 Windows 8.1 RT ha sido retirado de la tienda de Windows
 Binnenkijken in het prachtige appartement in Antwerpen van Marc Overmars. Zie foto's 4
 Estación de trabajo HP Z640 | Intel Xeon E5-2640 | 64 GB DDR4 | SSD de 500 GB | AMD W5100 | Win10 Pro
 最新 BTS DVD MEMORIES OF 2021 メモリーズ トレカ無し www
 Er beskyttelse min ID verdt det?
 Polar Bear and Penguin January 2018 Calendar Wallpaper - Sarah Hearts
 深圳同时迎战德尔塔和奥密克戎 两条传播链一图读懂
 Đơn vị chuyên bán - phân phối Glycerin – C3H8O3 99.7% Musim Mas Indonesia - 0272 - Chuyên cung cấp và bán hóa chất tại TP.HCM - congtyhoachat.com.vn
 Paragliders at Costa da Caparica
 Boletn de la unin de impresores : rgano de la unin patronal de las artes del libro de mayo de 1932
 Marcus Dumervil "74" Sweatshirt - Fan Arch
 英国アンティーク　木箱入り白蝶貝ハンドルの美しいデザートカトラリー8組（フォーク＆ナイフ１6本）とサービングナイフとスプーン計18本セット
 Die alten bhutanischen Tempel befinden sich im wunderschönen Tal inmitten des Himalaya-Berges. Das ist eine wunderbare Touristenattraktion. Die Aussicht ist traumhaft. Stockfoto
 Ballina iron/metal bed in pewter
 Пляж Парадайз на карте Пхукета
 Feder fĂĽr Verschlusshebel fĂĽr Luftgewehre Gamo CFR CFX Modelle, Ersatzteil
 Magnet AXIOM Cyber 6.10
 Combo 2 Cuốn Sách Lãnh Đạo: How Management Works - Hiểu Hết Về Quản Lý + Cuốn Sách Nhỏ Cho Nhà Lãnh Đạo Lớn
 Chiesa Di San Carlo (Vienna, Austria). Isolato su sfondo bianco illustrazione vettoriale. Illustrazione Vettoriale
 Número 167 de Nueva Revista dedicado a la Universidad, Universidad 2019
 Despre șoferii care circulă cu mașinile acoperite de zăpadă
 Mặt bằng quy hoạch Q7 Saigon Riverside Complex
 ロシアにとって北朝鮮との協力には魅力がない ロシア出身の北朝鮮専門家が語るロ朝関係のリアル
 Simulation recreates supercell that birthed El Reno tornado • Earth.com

» **TASK**:
All of the entries should be output exactly as they appear above.

» **SOLUTION TO THE PROBLEM**:
 Windows 8.1 RT ha sido retirado de la tienda de Windows
 Binnenkijken in het prachtige appartement in Antwerpen van Marc Overmars. Zie foto's 4
 Estación de trabajo HP Z640 | Intel Xeon E5-2640 | 64 GB DDR4 | SSD de 500 GB | AMD W5100 | Win10 Pro
 最新 BTS DVD MEMORIES OF 2021 メモリーズ トレカ無し www
 Er beskyttelse min ID verdt det?
 Polar Bear and Penguin January 2018 Calendar Wallpaper - Sarah Hearts
 深圳同时迎战德尔塔和奥密克戎 两条传播链一图读懂
 Đơn vị chuyên bán - phân phối Glycerin – C3H8O3 99.7% Musim Mas Indonesia - 0272 - Chuyên cung cấp và bán hóa chất tại TP.HCM - congtyhoachat.com.vn
 Paragliders at Costa da Caparica
 Boletn de la unin de impresores : rgano de la unin patronal de las artes del libro de mayo de 1932
 Marcus Dumervil "74" Sweatshirt - Fan Arch
 英国アンティーク　木箱入り白蝶貝ハンドルの美しいデザートカトラリー8組（フォーク＆ナイフ１6本）とサービングナイフとスプーン計18本セット
 Die alten bhutanischen Tempel befinden sich im wunderschönen Tal inmitten des Himalaya-Berges. Das ist eine wunderbare Touristenattraktion. Die Aussicht ist traumhaft. Stockfoto
 Ballina iron/metal bed in pewter
 Пляж Парадайз на карте Пхукета
 Feder fĂĽr Verschlusshebel fĂĽr Luftgewehre Gamo CFR CFX Modelle, Ersatzteil
 Magnet AXIOM Cyber 6.10
 Combo 2 Cuốn Sách Lãnh Đạo: How Management Works - Hiểu Hết Về Quản Lý + Cuốn Sách Nhỏ Cho Nhà Lãnh Đạo Lớn
 Chiesa Di San Carlo (Vienna, Austria). Isolato su sfondo bianco illustrazione vettoriale. Illustrazione Vettoriale
 Número 167 de Nueva Revista dedicado a la Universidad, Universidad 2019
 Despre șoferii care circulă cu mașinile acoperite de zăpadă
 Mặt bằng quy hoạch Q7 Saigon Riverside Complex
 ロシアにとって北朝鮮との協力には魅力がない ロシア出身の北朝鮮専門家が語るロ朝関係のリアル
 Simulation recreates supercell that birthed El Reno tornado • Earth.com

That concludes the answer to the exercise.